Statistical downscaling (SD) of climate change projections is a key piece for impact and adaptation studies, due to its low computational expense compared to dynamical downscaling, which allows to explore uncertainties through the generation of large ensembles. SD has been extensively evaluated and applied in the extratropics, but few examples exist in tropical regions. In this study several state-of-the-art methods belonging to different families have been evaluated for maximum/minimum daily temperature and daily accumulated precipitation (both from the ERA5 reanalysis at 0.25°) in two regions with very different climates: Spain (Mid-latitudes) and Central America (Tropics). Some key assumptions of SD have been tested: the strength of the predictors/predictand links, the skill of different approaches and the extrapolation capability of each method. It has been found that relevant predictors are different in both regions, as well as the behavior of statistical methods. For temperature, most methods perform significantly better in Spain than in Central America, where Transfer Function methods present important extrapolation problems, probably due to the low variability of the training sample (present climate). In both regions, Model Output Statistics (MOS) methods have achieved the best results for temperature. In Central America Transfer Function (TF) methods have achieved better results than MOS methods in the evaluation in the present climate, but they do not preserve trends in the future. For precipitation, MOS methods and the machine learning method eXtreme Gradient Boost have achieved the best results in both regions. Additionally, it has been found that although the use of humidity indexes as predictors improve results for the downscaling of precipitation, future trends given by statistical methods are very sensitive to the use of one or another index. Three indexes have been compared: relative humidity, specific humidity and dew point depression. The use of the specific humidity has been found to seriously deviate trends given by the downscaled projections from those given by raw Global Climate Models in both regions.

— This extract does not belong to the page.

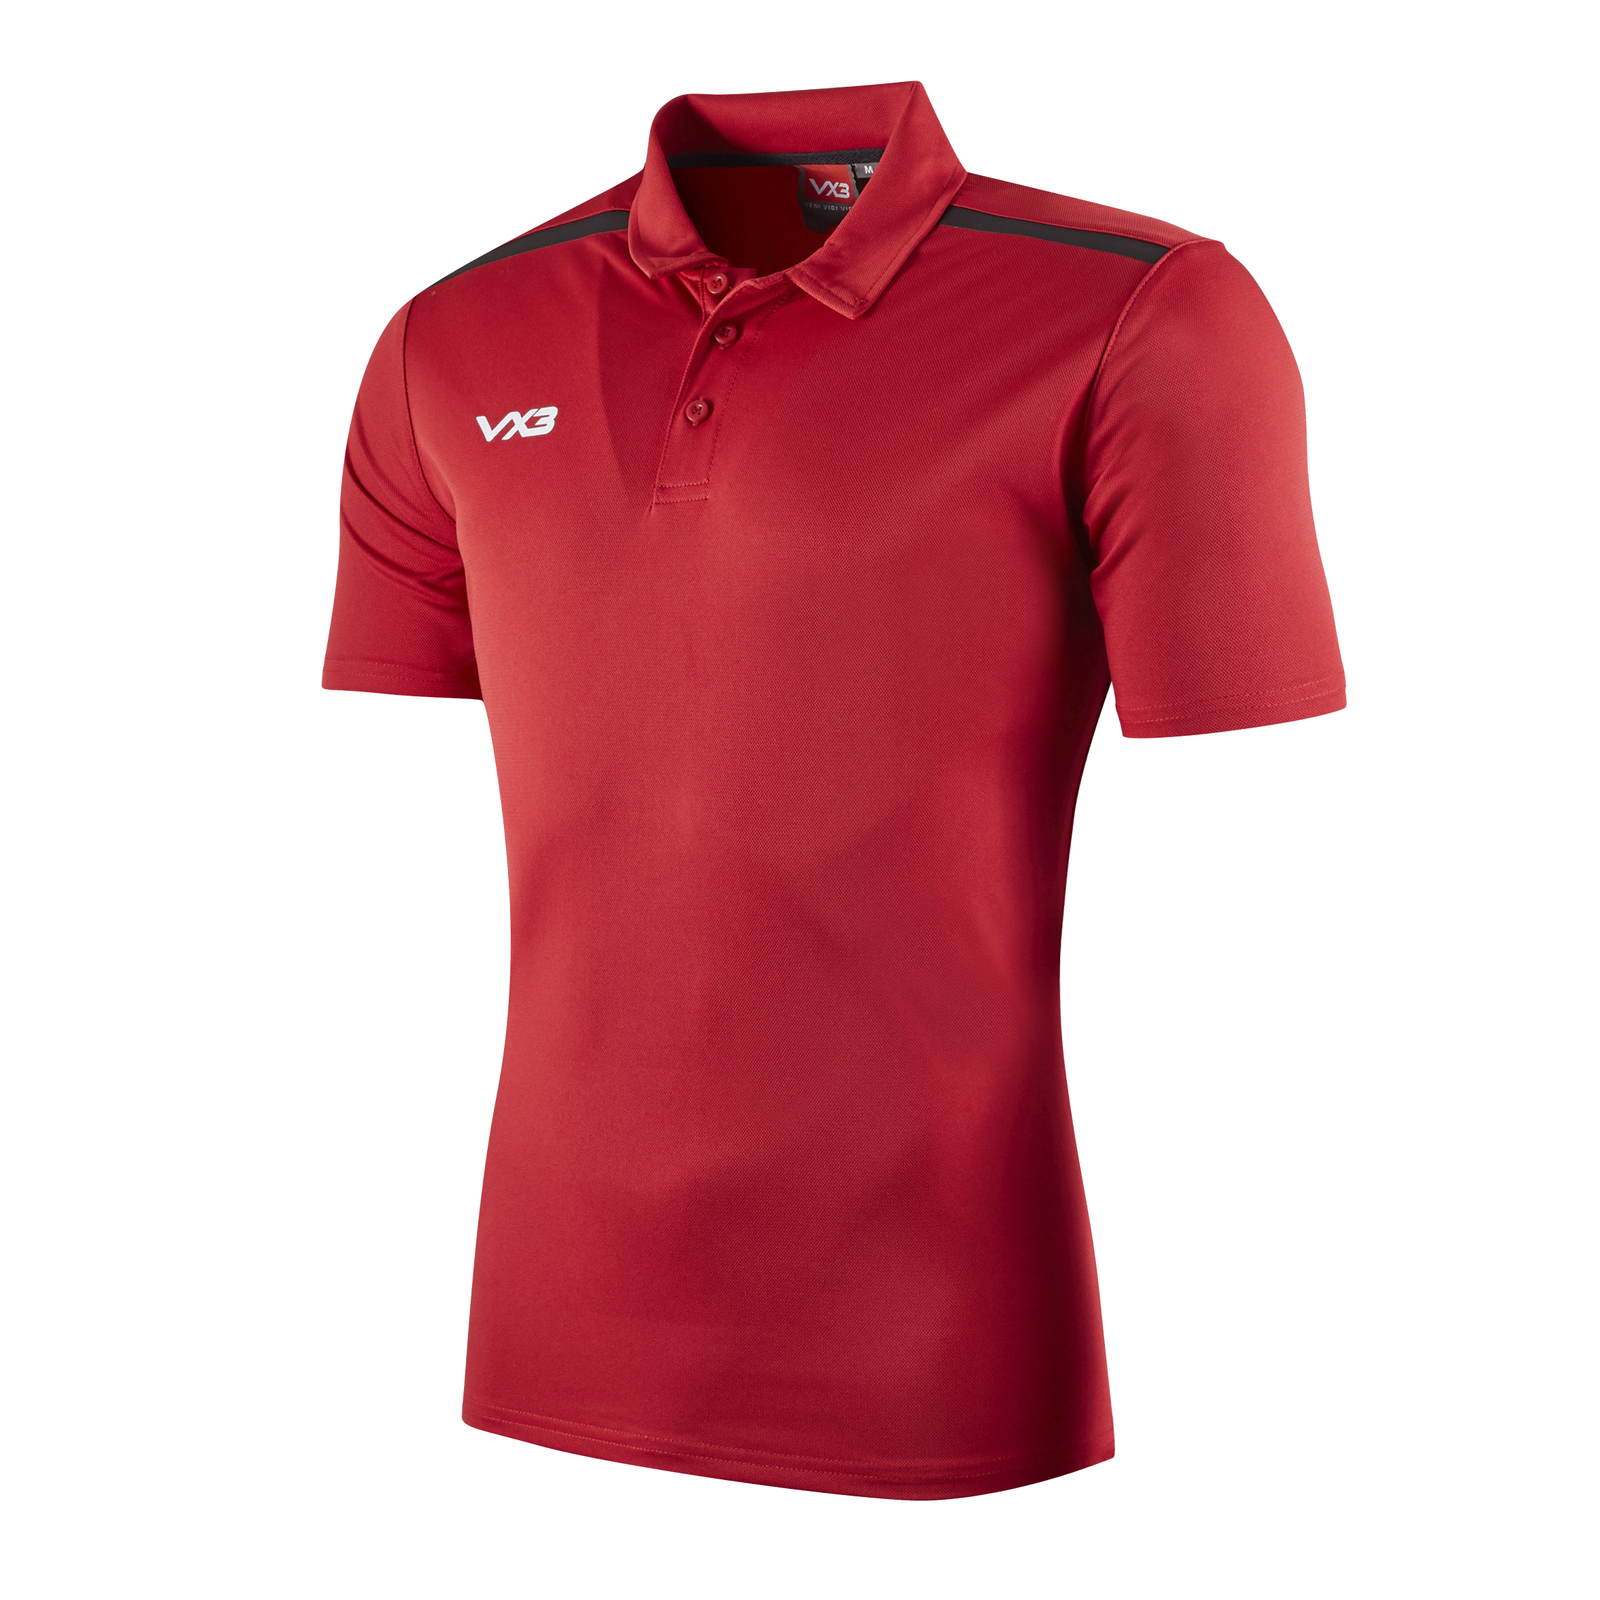 Fortis Polo Red/Black

热带和中纬度地区的统计降尺度:对两个代表性地区的比较评估。
气候变化预测的统计降尺度(SD)是影响和适应研究的关键部分,因为与动态降尺度相比,其计算费用较低,动态降尺度可以通过生成大型集合来探索不确定性。SD在温带地区得到了广泛的评估和应用,但在热带地区很少有例子。在这项研究中,对西班牙(中纬度)和中美洲(热带)这两个气候截然不同的地区的最高/最低日温度和日累积降水量(均来自0.25°的ERA5再分析),评估了属于不同家族的几种最先进的方法。SD的一些关键假设已经过测试:预测因子/预测和链接的强度、不同方法的技能以及每种方法的外推能力。研究发现,这两个地区的相关预测因素以及统计方法的行为都不同。就温度而言,大多数方法在西班牙的表现明显好于中美洲,在中美洲,传递函数方法存在重要的外推问题,这可能是由于训练样本的低可变性(当前气候)。在这两个区域,模型输出统计(MOS)方法都获得了最佳的温度结果。在中美洲,传递函数(TF)方法在当前气候下的评估中取得了比MOS方法更好的结果,但它们不能保持未来的趋势。对于降水,MOS方法和机器学习方法eXtreme Gradient Boost在这两个地区都取得了最好的结果。此外,已经发现,尽管使用湿度指数作为预测因子可以改善降水量缩减的结果,但统计方法给出的未来趋势对使用一个或另一个指数非常敏感。比较了三个指标:相对湿度、比湿度和露点下降。已经发现,在这两个地区,比湿度的使用严重偏离了缩小预测给出的趋势与原始全球气候模型给出的趋势。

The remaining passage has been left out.